The Commerce Department's decision to deem countervailable exporter Dongbu Steel's debt-for-equity swaps was unsupported, and violated the agency's own standard practice of not reexamining subsidy programs that were previously found non-countervailable without any new information, Dongbu Steel said in a March 17 complaint at the Court of International Trade (KG Dongbu Steel Co. v. United States, CIT #22-00047).

The exporter is challenging a countervailing duty administrative review on corrosion-resistant steel products from South Korea in which Dongbu Steel served as a mandatory respondent. In the original CVD investigation, Dongbu Steel got hit with a 1.19% CV duty rate based on benefits from the 2014 restructuring of its long-term loans and bonds by its creditors. In 2015 and 2016, though, Dongbu Steel's creditors committee greenlighted debt for equity swaps by both government-controlled and private commercial banks.

In the CV duty investigation, and following two CVD reviews, Commerce hit Dongbu Steel with a CVD rate based on its restructuring benefits over the petitioner's objections that Dongbu Steel was uncreditworthy. The agency continuously found that the debt for equity swaps were consistent with the usual investment practice of private investors and didn't confer a benefit to Dongbu Steel. Commerce changed its tune in the third review, finding the debt for equity swaps countervailable. In its complaint, Dongbu Steel says this change was made without any new record evidence.
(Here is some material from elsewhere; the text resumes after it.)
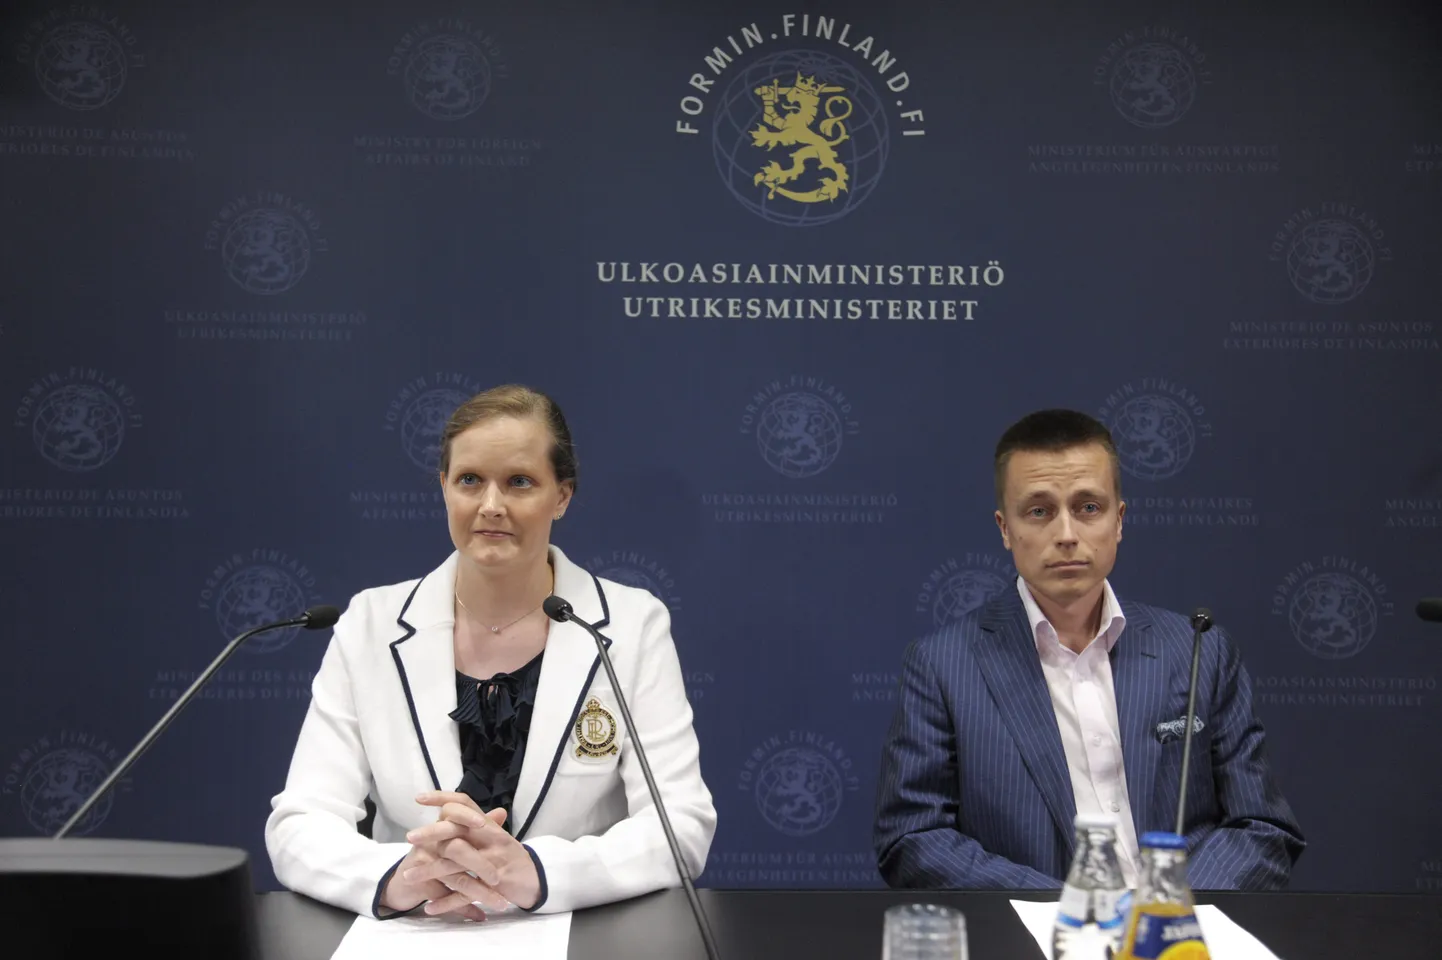 Leila ja Atte Kaleva Helsingis peetud pressikonverentsil 2013. aasta mais, kus nad rääkisid pantvangidraama tagamaadest.

Dongbu Steel contests Commerce's decision that the debt for equity swaps were countervailable, to pass through the swaps' benefits to KG Dongbu Steel despite a change of ownership in the next review and to calculate the uncreditworthy benchmark for the purpose of measuring the benefits of Dongbu Steel's restructured long-term loans and bonds.

"Commerce improperly calculated the uncreditworthy benchmark for purposes of measuring the benefits from Dongbu Steel’s restructured long-term loans and bonds," the brief said. "Similarly, Commerce improperly calculated the uncreditworthy discount rate for purposes of measuring the benefits from the equity infusions from government-controlled creditors."